<<<<

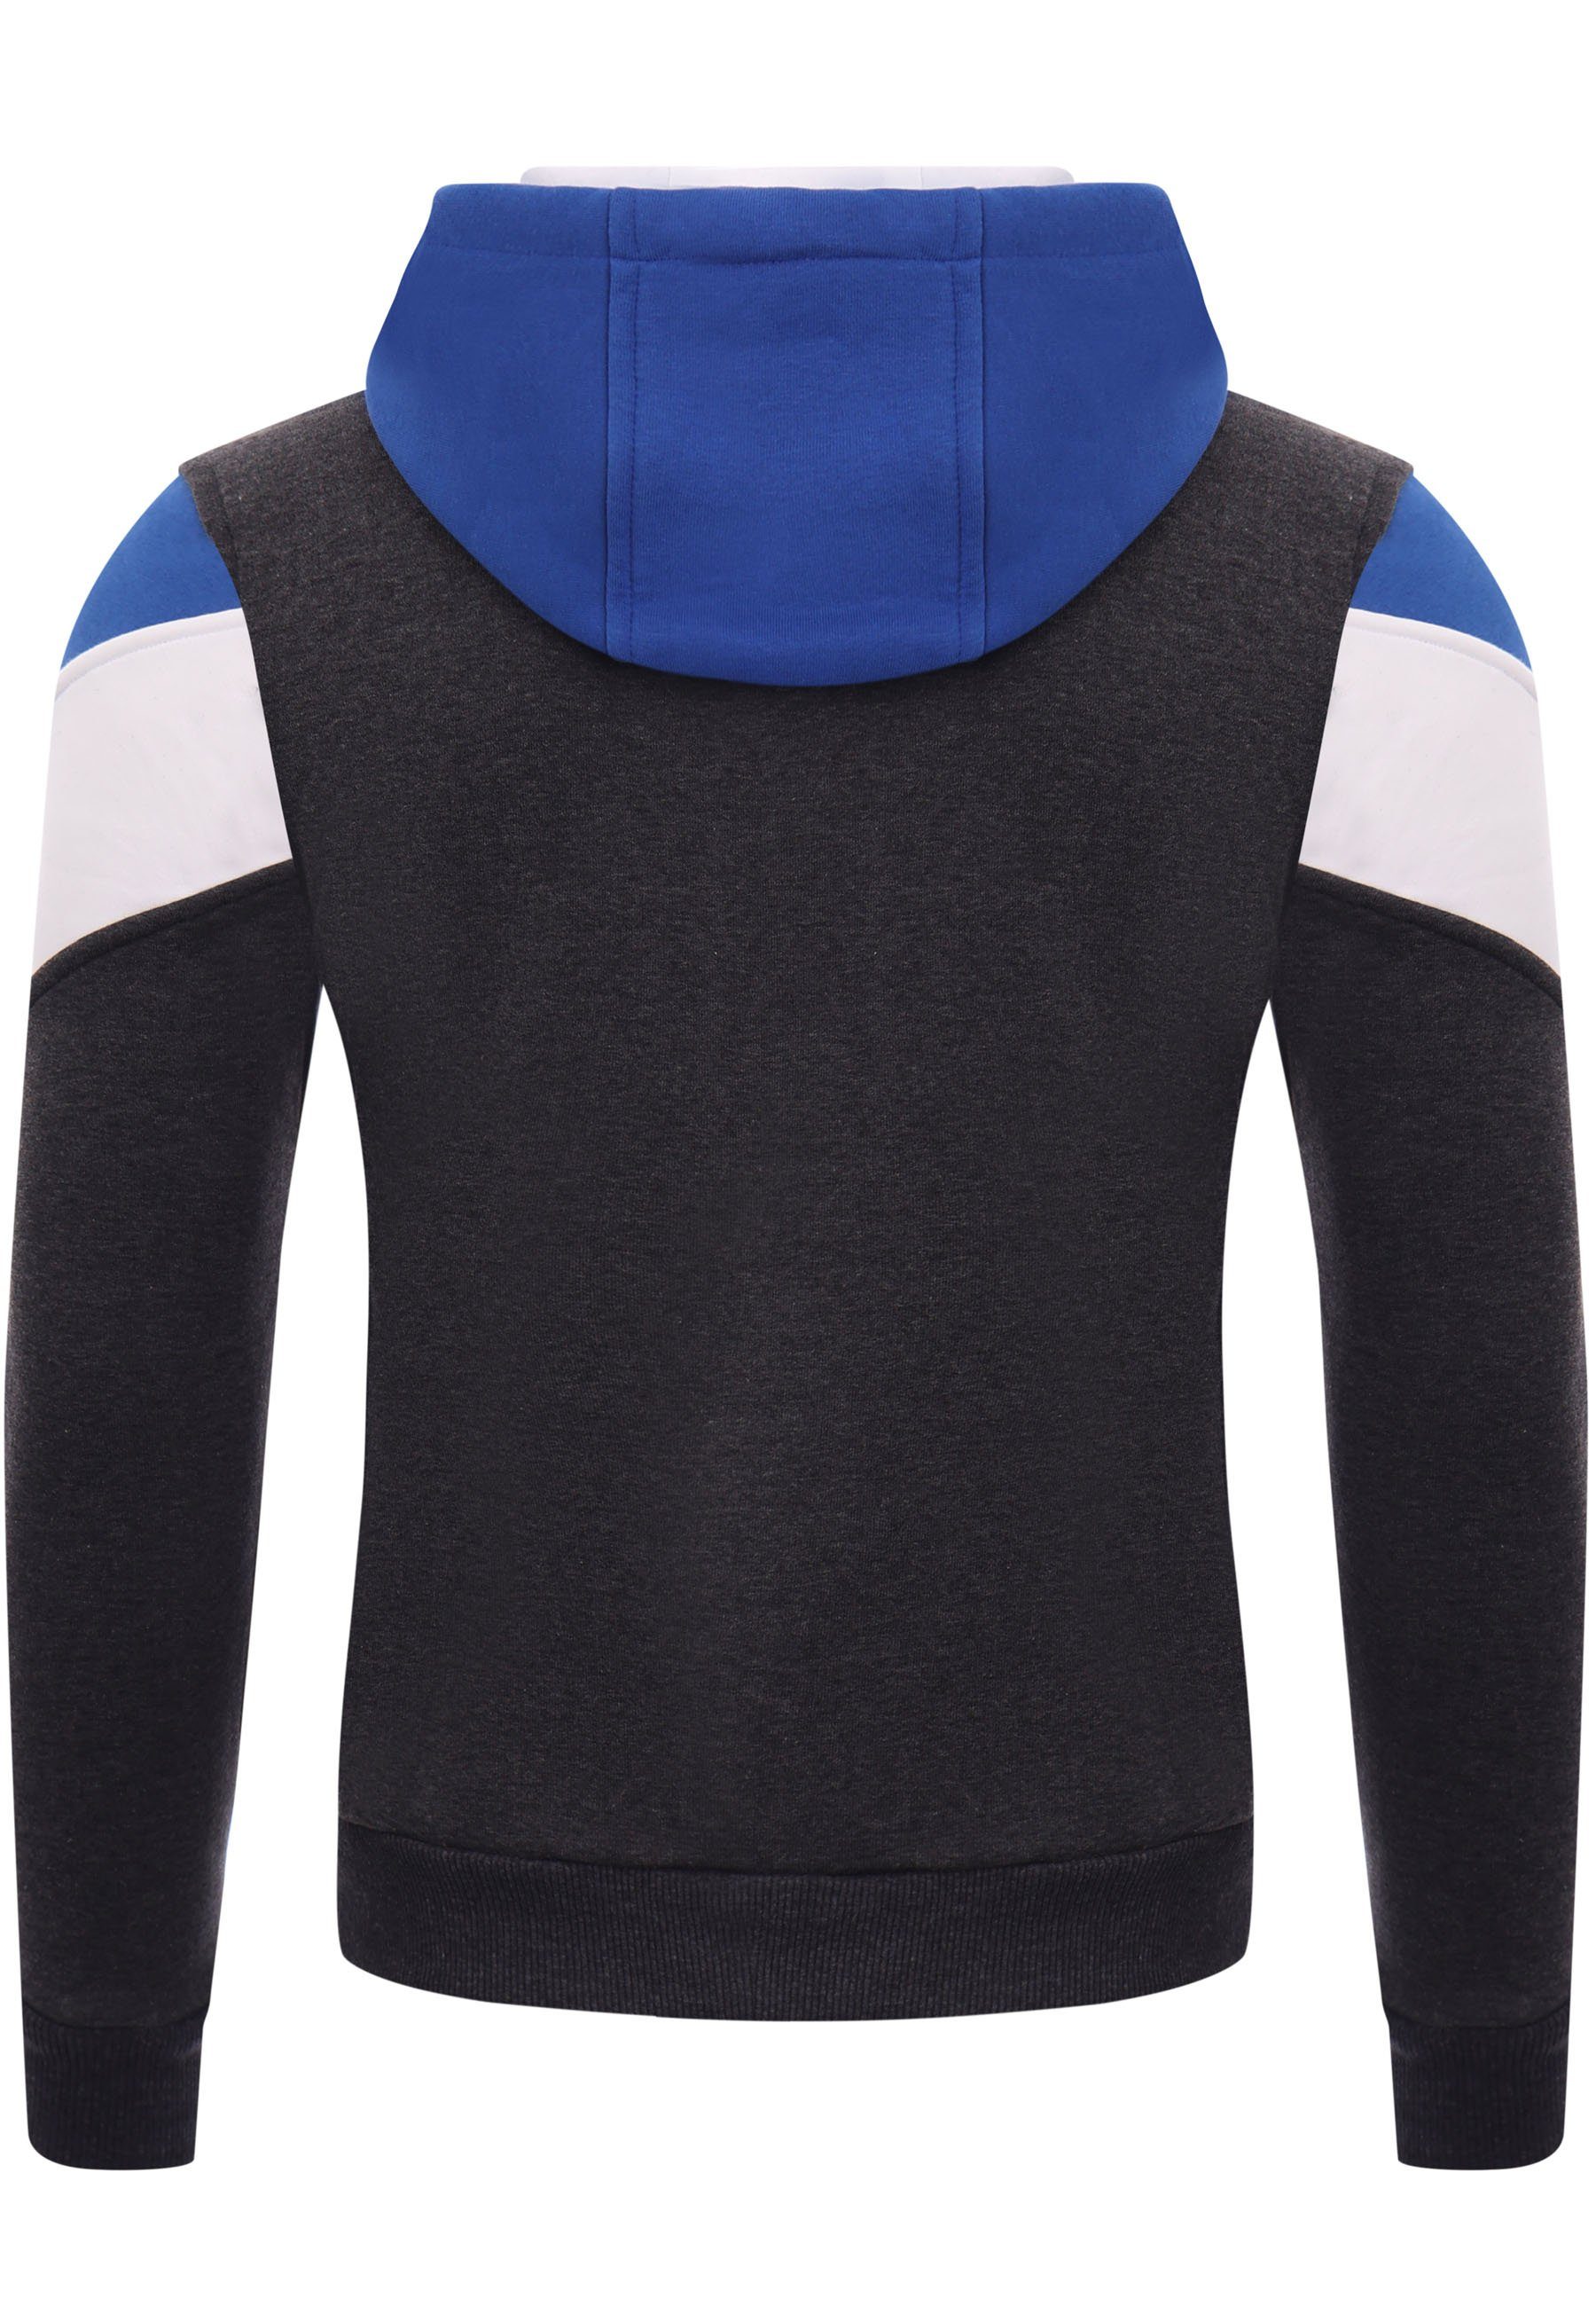 Sweatjacke RS-1007 Sweatjacke Pulli Winter-Pullover (1-tlg) Kapuzenpullover Zipper Sweatshirt Reslad Reslad Hoodie blau-schwarz Sweater
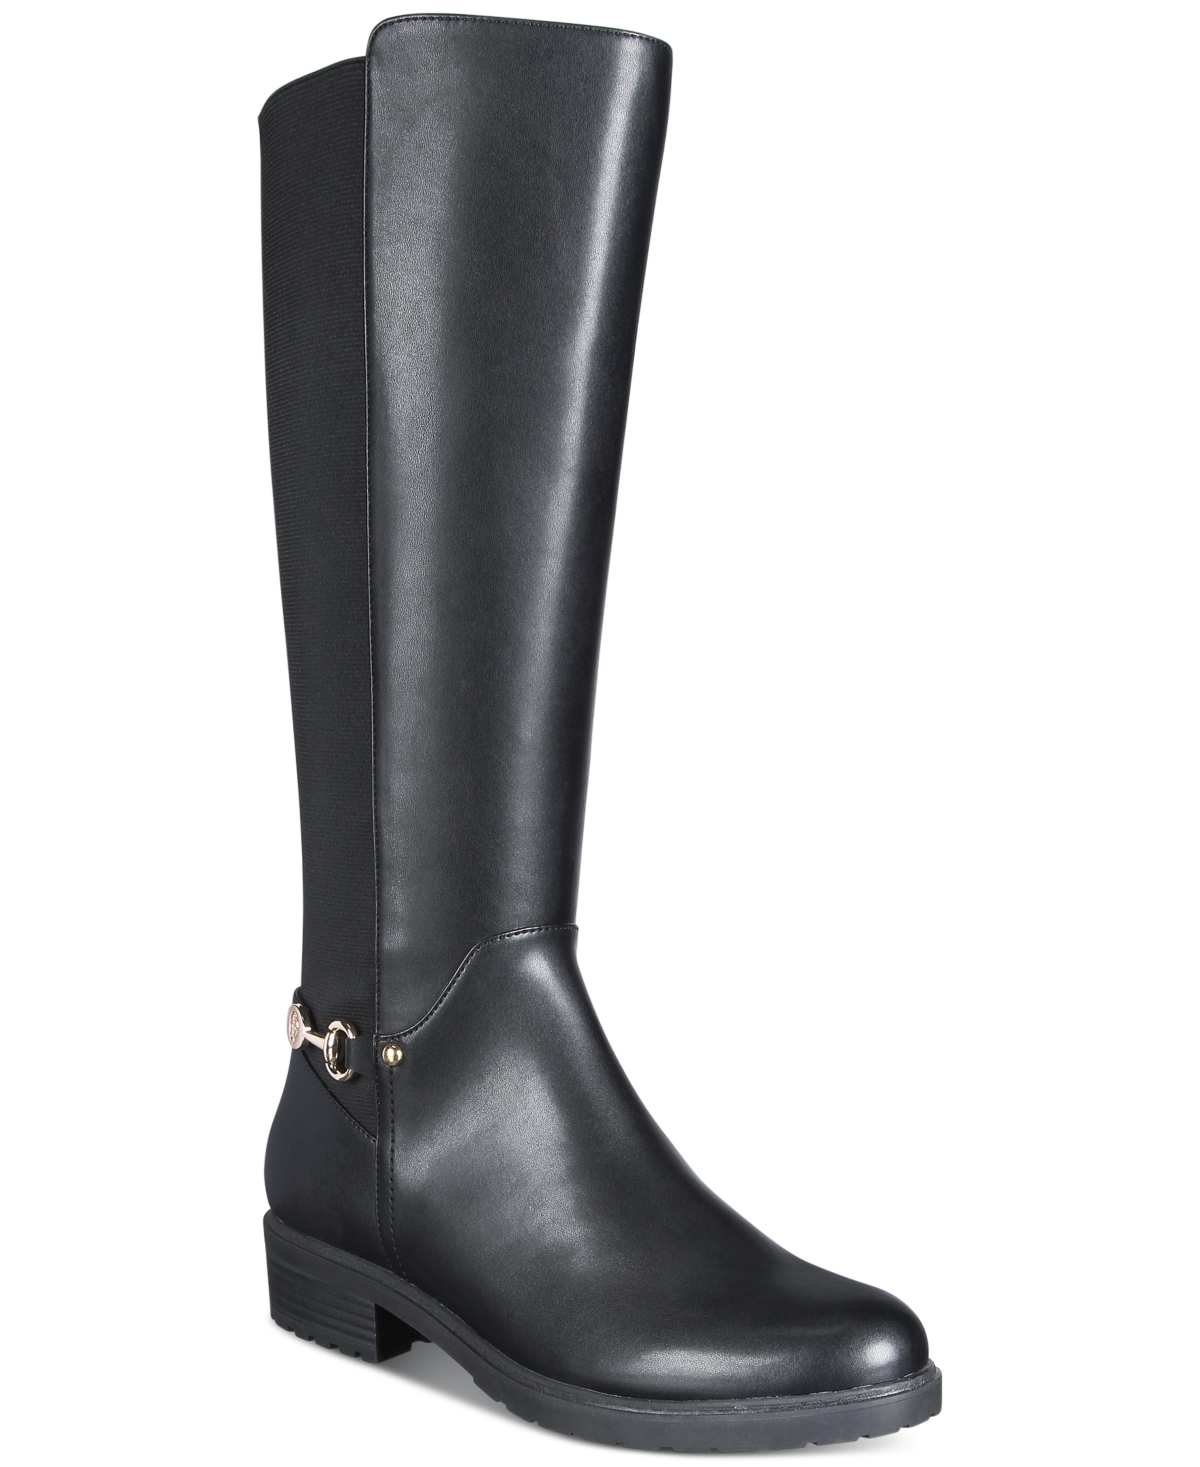 Women's Barnibee Memory Foam Knee High Riding Boots, Created for Macy's - Black
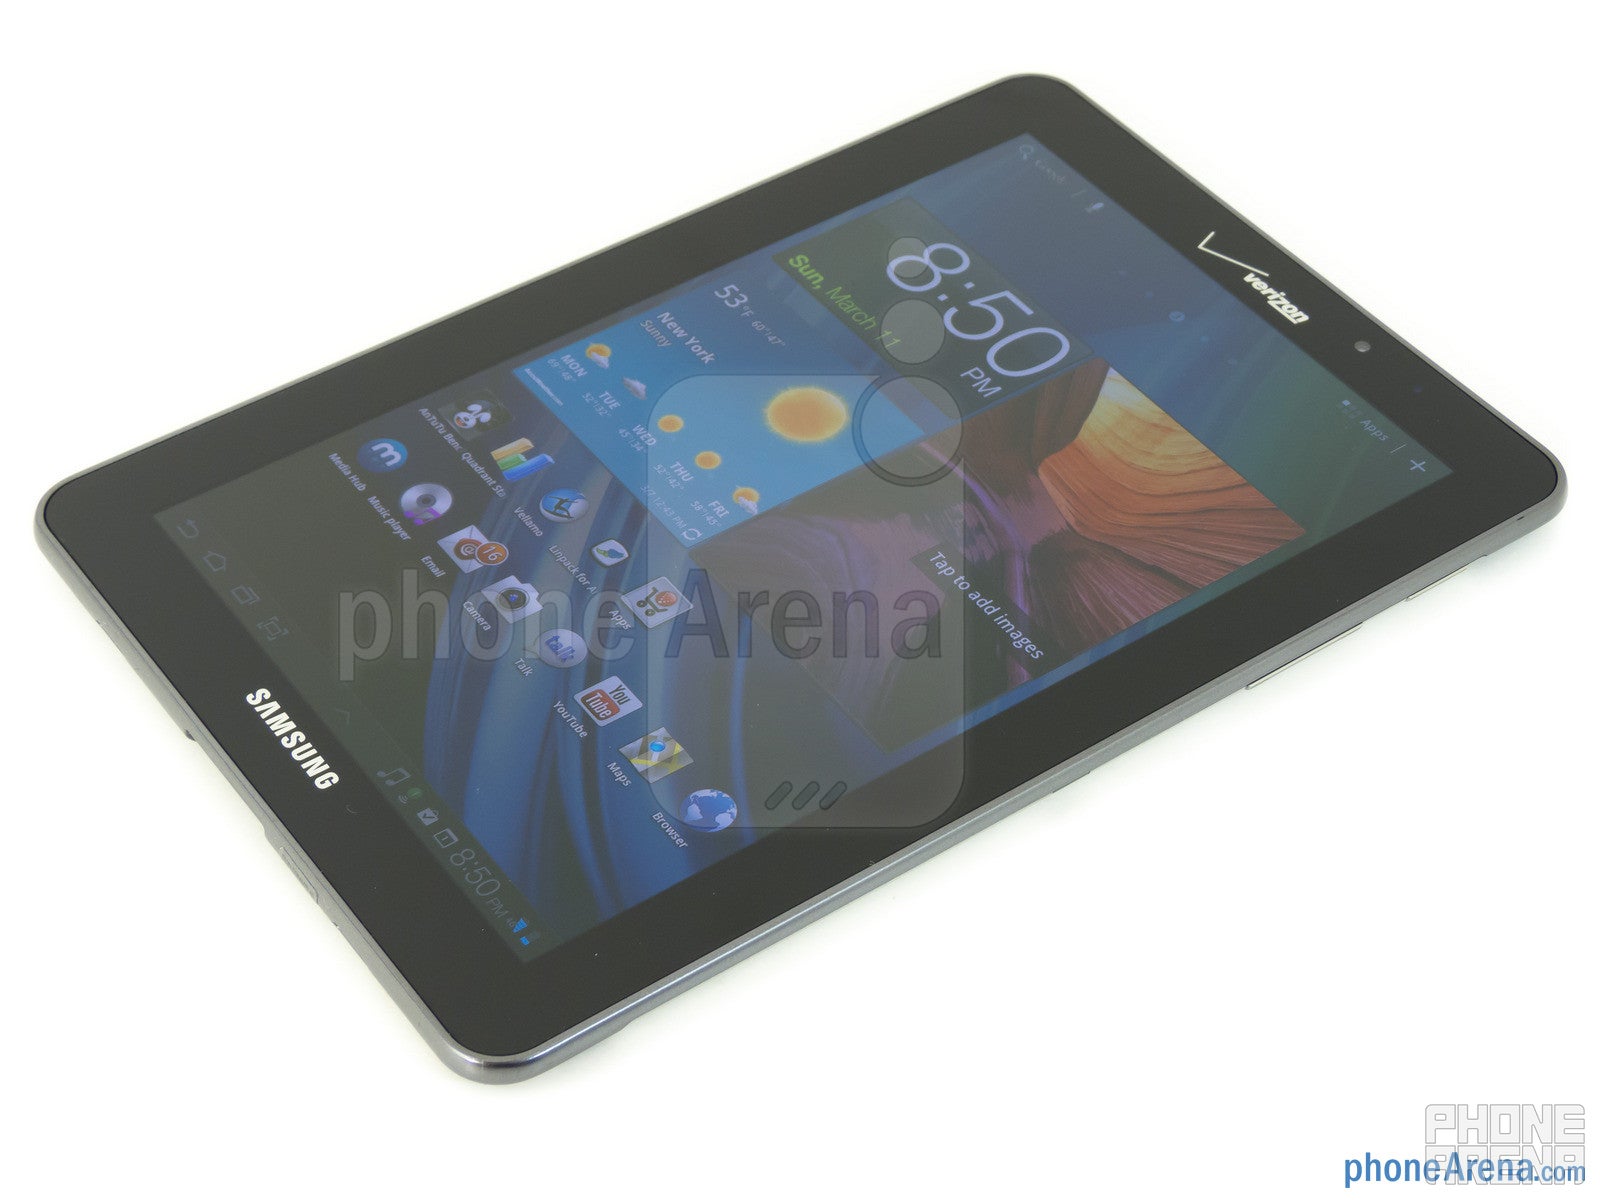 Samsung Galaxy Tab 7.7 LTE Review

>>>>

▸ What needs to be done: The whole listing, pictures excluded, should be output exactly.

▸ Answer for this exercise:
 Sweatjacke RS-1007 Sweatjacke Pulli Winter-Pullover (1-tlg) Kapuzenpullover Zipper Sweatshirt Reslad Reslad Hoodie blau-schwarz Sweater
 Women's Barnibee Memory Foam Knee High Riding Boots, Created for Macy's - Black
 Samsung Galaxy Tab 7.7 LTE Review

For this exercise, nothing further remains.